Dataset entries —
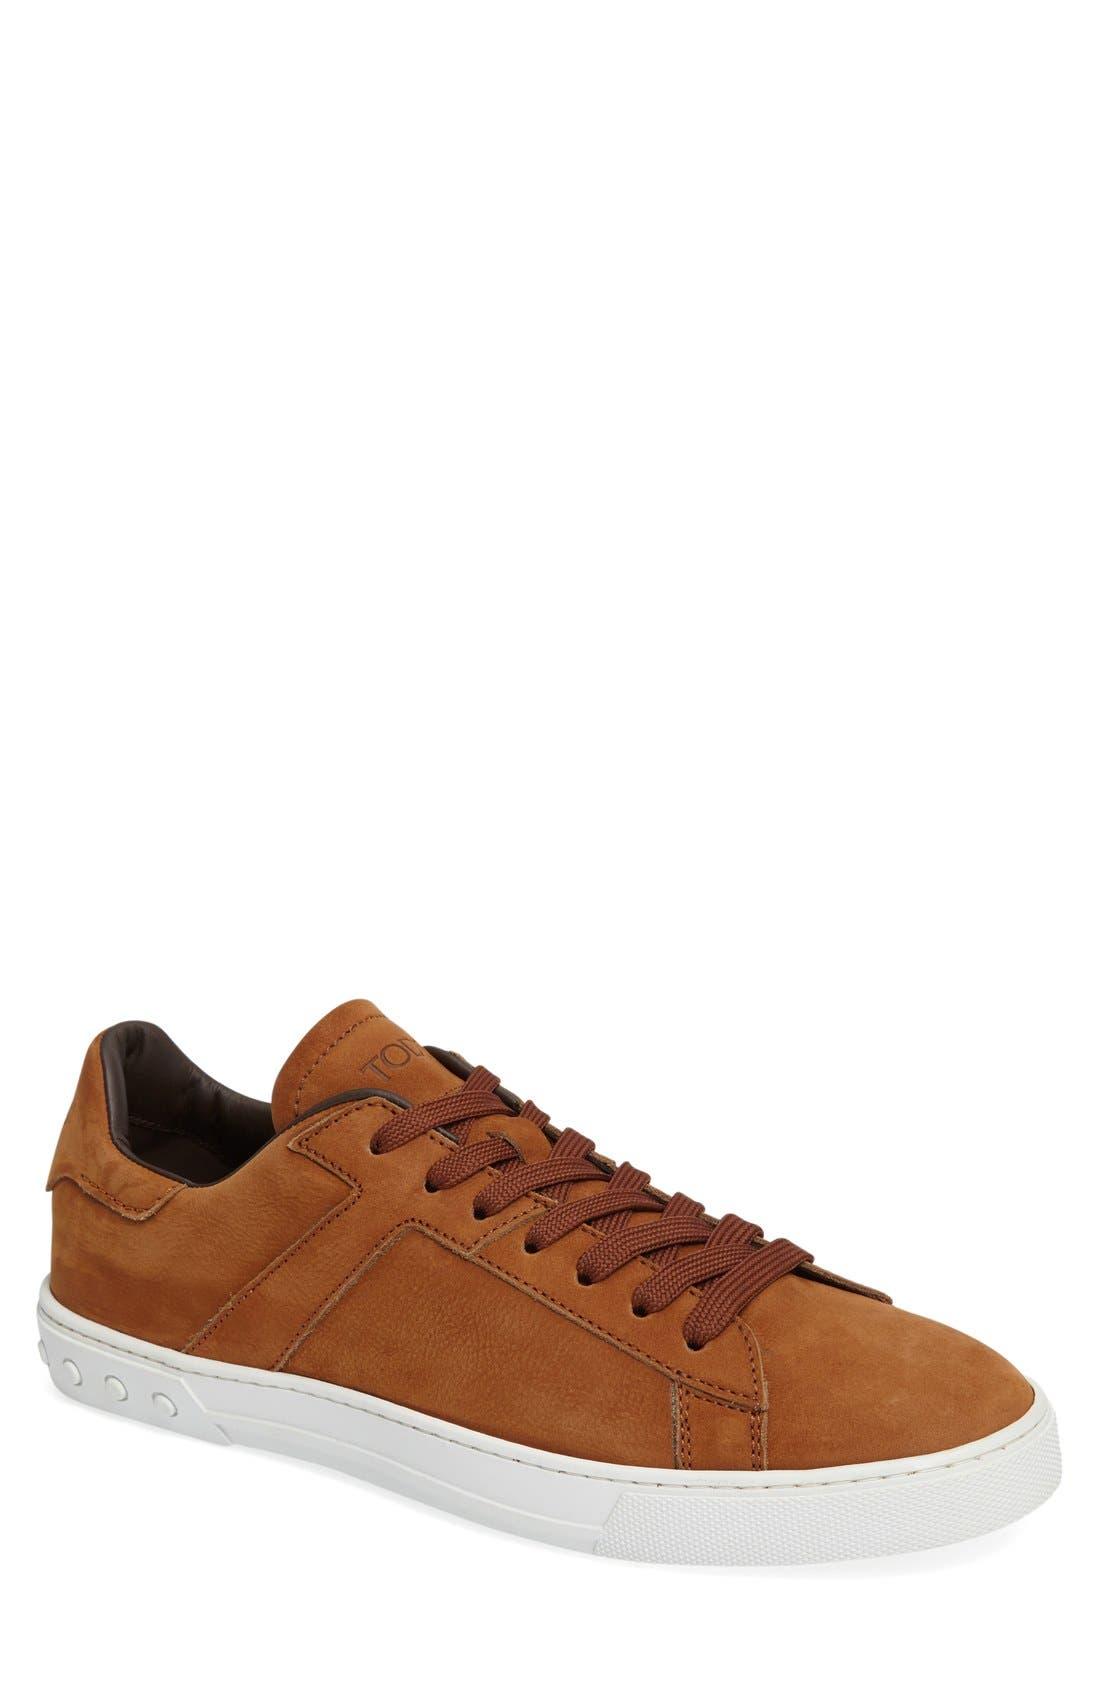 Cassetta Sneaker,                             Main thumbnail 1, color,                             200
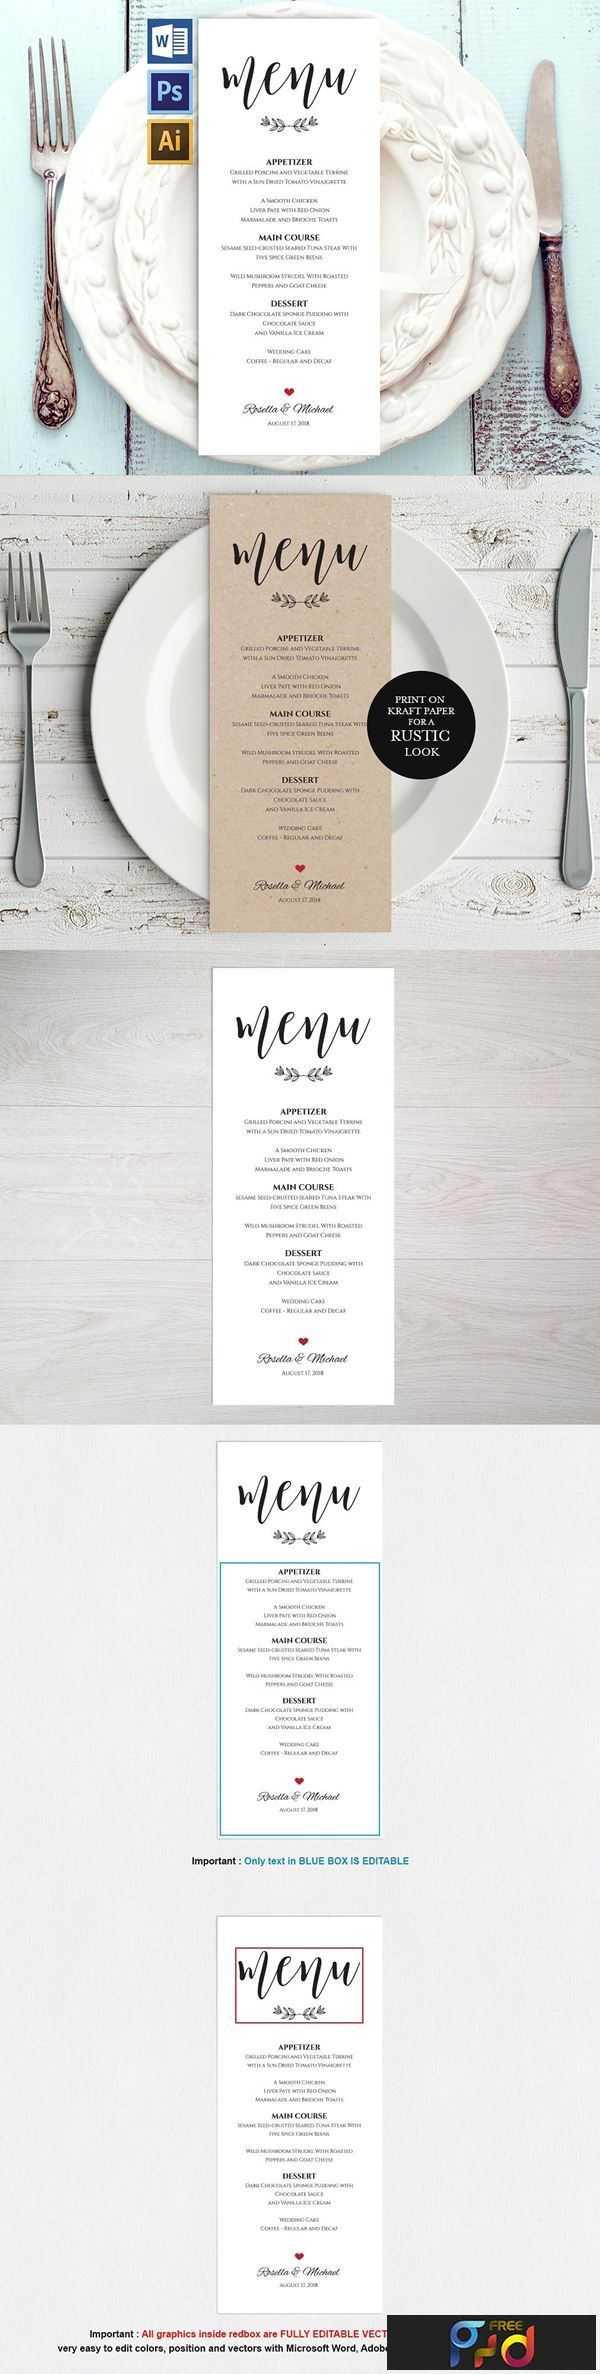 1806261 Wedding Menu Template Wpc 127 1550249 1
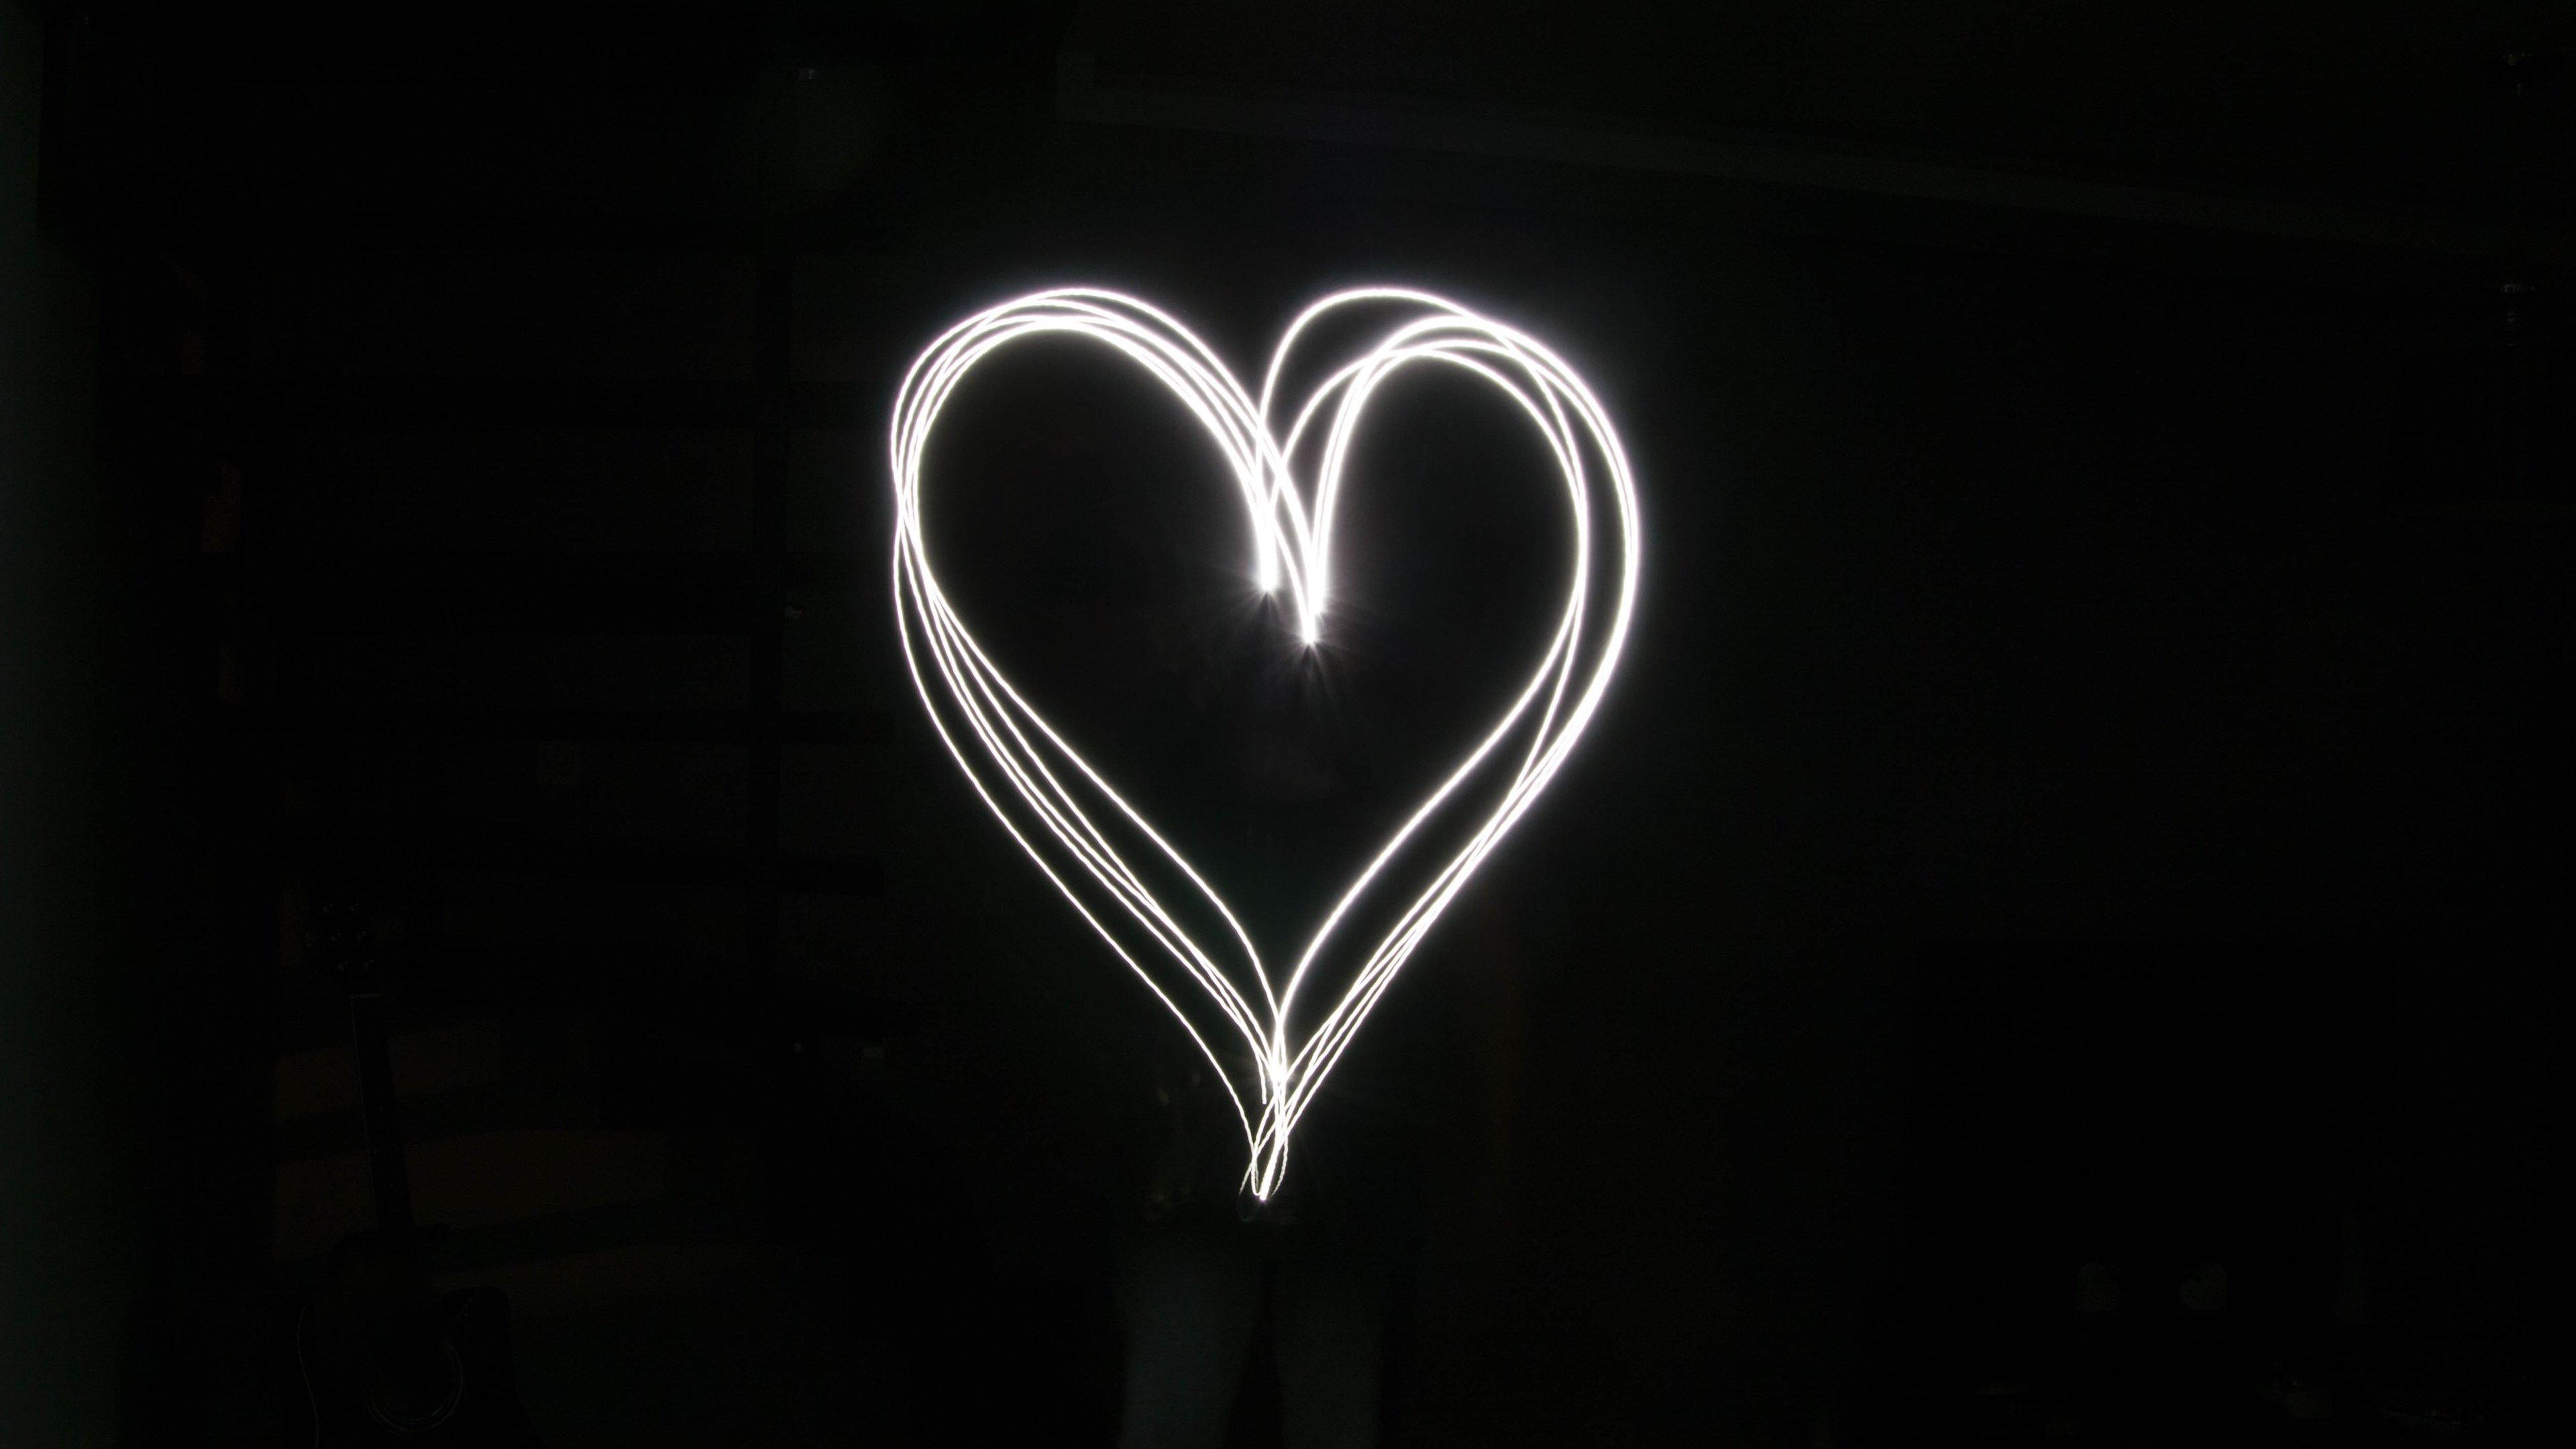 Light Heart Wallpaper  iPhone Android  Desktop Backgrounds
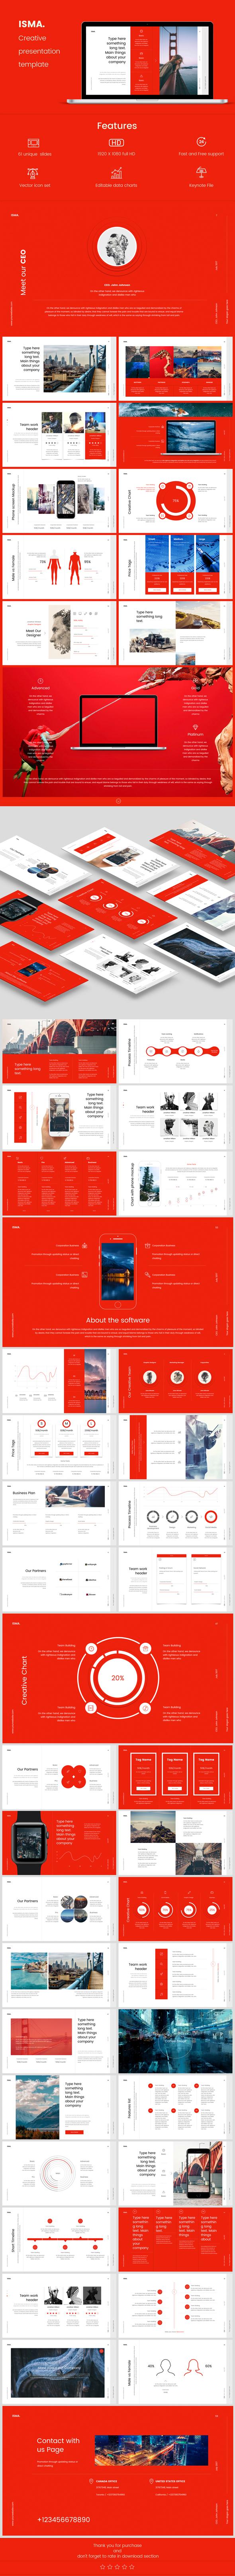 GraphicRiver Isma Keynote Presentation Template 20352513
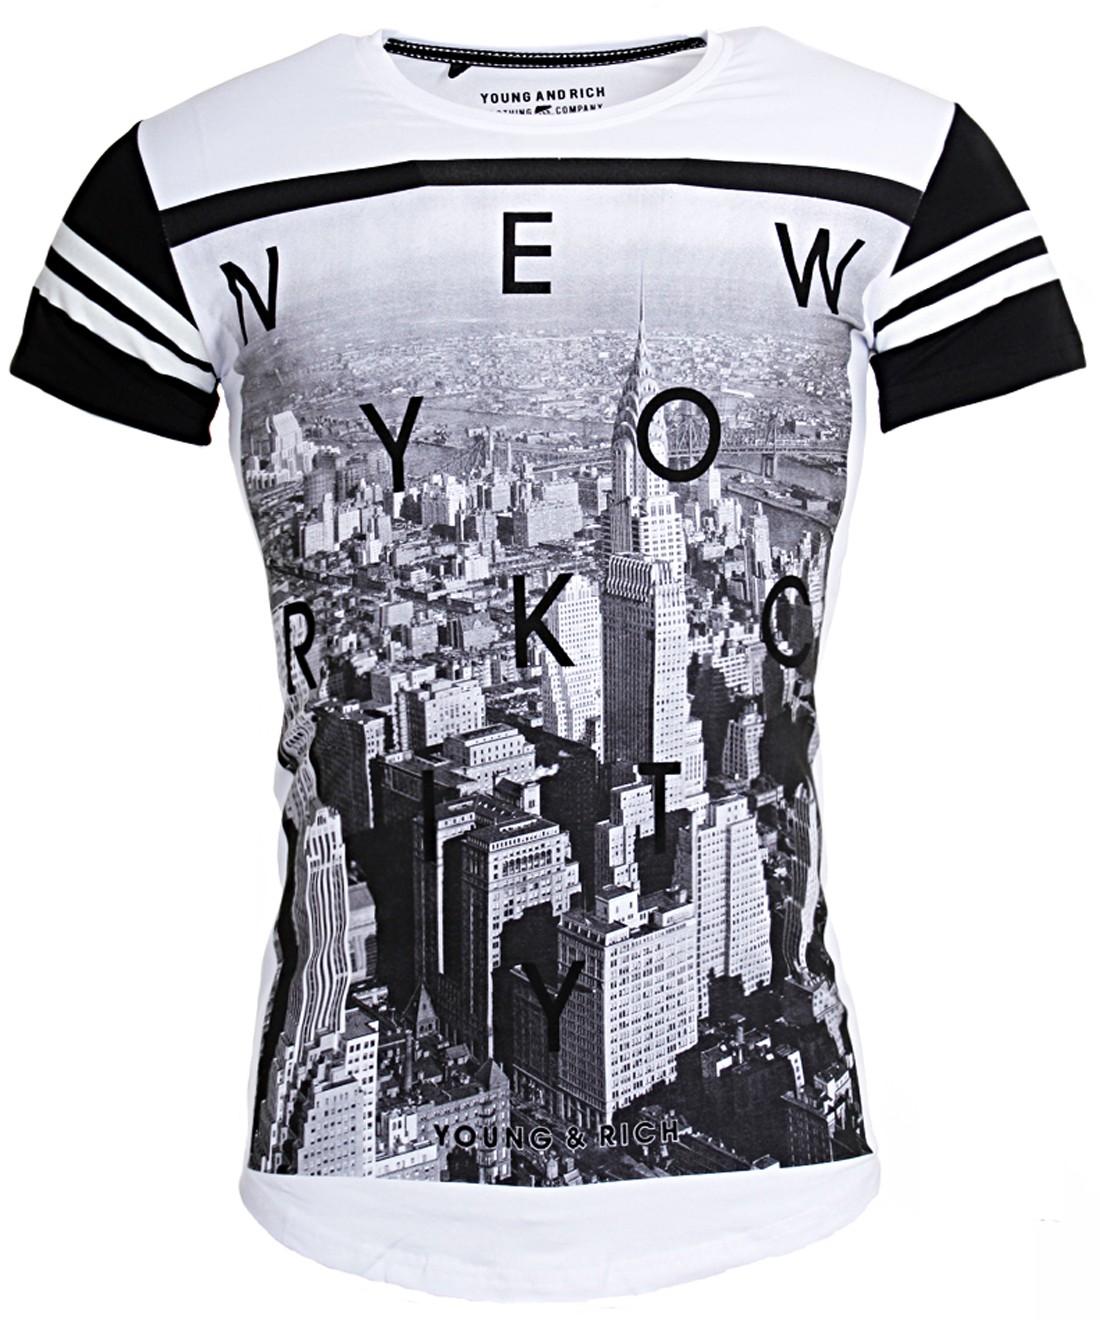 young rich oversized herren t shirt lange passform newyork print slim fit 1907 ebay. Black Bedroom Furniture Sets. Home Design Ideas

Prompt — Your answer must be the lines from the one containing "Light Heart Wallpaper" through the last line of the records, printed exactly with no pictures; please include both ends.

Completed task —
 Light Heart Wallpaper  iPhone Android  Desktop Backgrounds
 GraphicRiver Isma Keynote Presentation Template 20352513
 young rich oversized herren t shirt lange passform newyork print slim fit 1907 ebay. Black Bedroom Furniture Sets. Home Design Ideas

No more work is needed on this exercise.